All six movements are marked Adagio, one of them a funeral march, and all were played with sharp focus and tonal leanness. Shostakovich’s constant feelings of vulnerability suffuse the work, its poignant revelation of its creator’s paranoia (sometimes paranoia is justified) audible in every bar. Not exactly a fun piece (except for the brief allusion to klezmer music). With its abundance of broken waltzes and dark passages, even the Serenade movement is less a serenade than a warning signal of danger.

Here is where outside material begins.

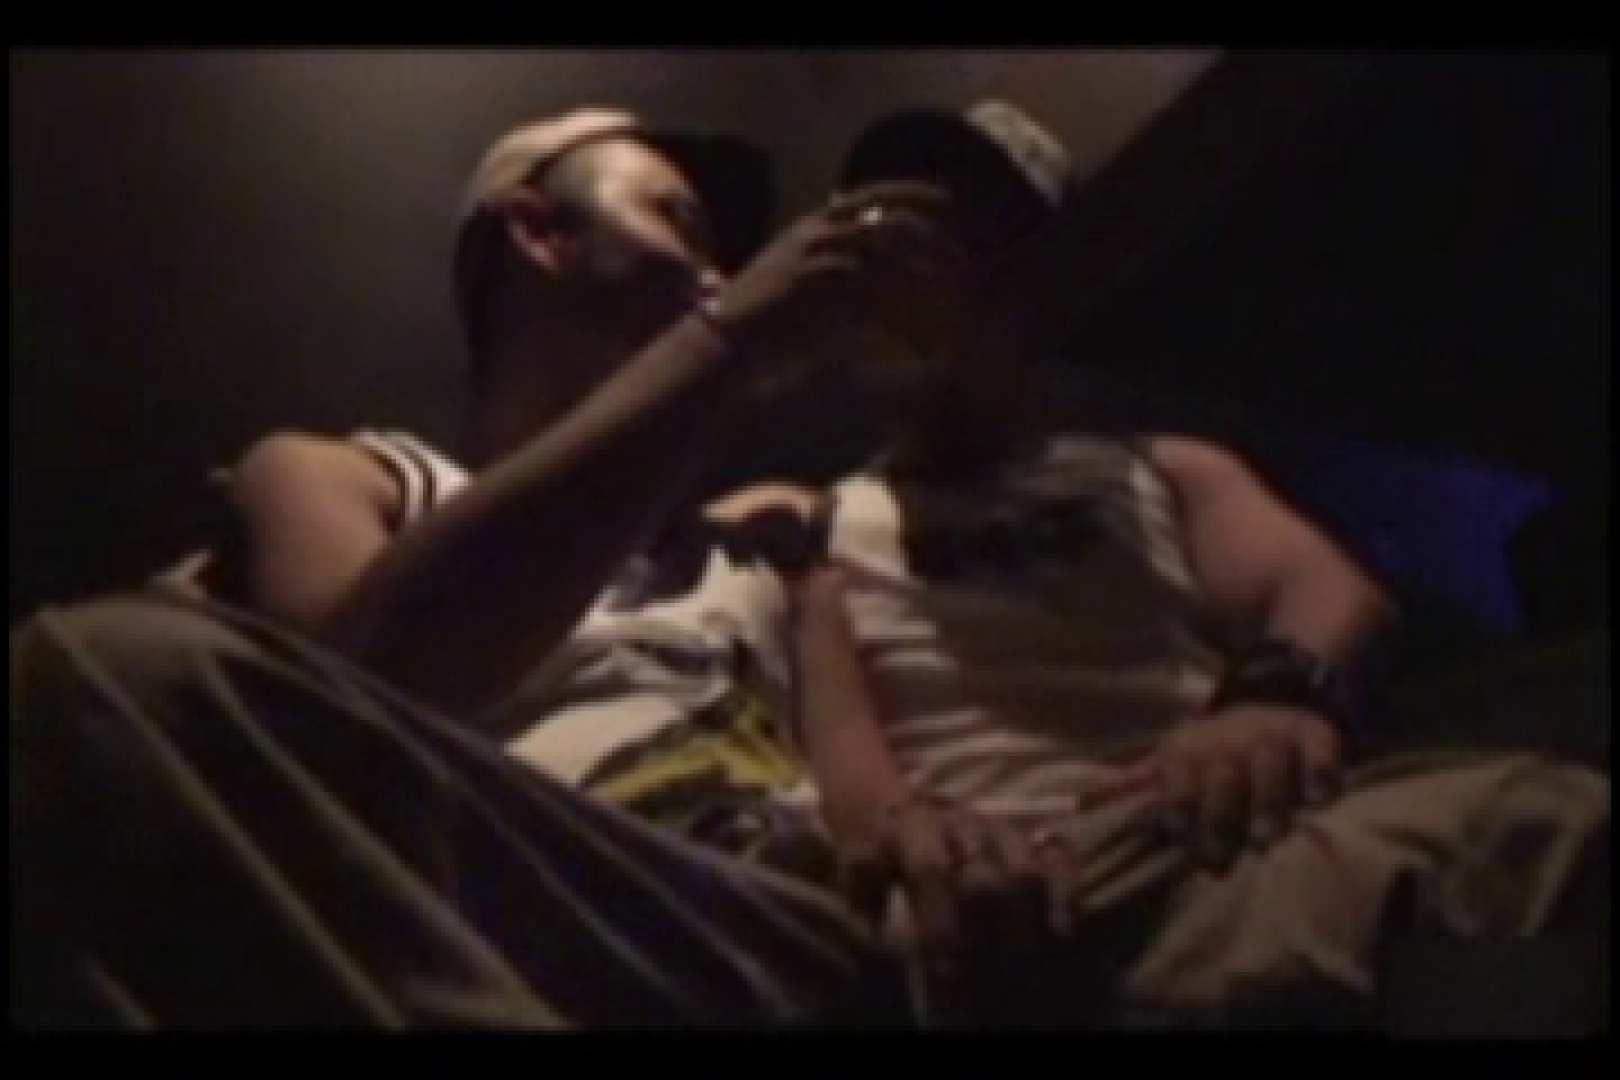 GayなDJのGay的LIFE!!その1 中出し | まじ生挿入 ゲイ無料エロ画像 107pic 31

After Intermission (a breather is necessary after the grim Shostakovich work) the Schubert String Quintet in C Major, D.956, in my not-so-humble opinion his greatest single work, received a superb performance. The Quartet was joined by a second cellist, Torleif Thedéen. Its four movements overflow with melodies and invention. The Danish players captured the work’s depths with rhythmic steadiness, bold climaxes, and technical facility.  Special kudos must be made for the violist, Asbjørn Nørgaard, whose dark, warm tone in exposed passages was captivating.

While leaving the auditorium I overheard someone complaining that the performance “wasn’t Austrian enough.” He may have been expecting a sequence of schmaltzy waltzes; suffice it to say that the performance was equal to the music – a masterful performance of timeless great music.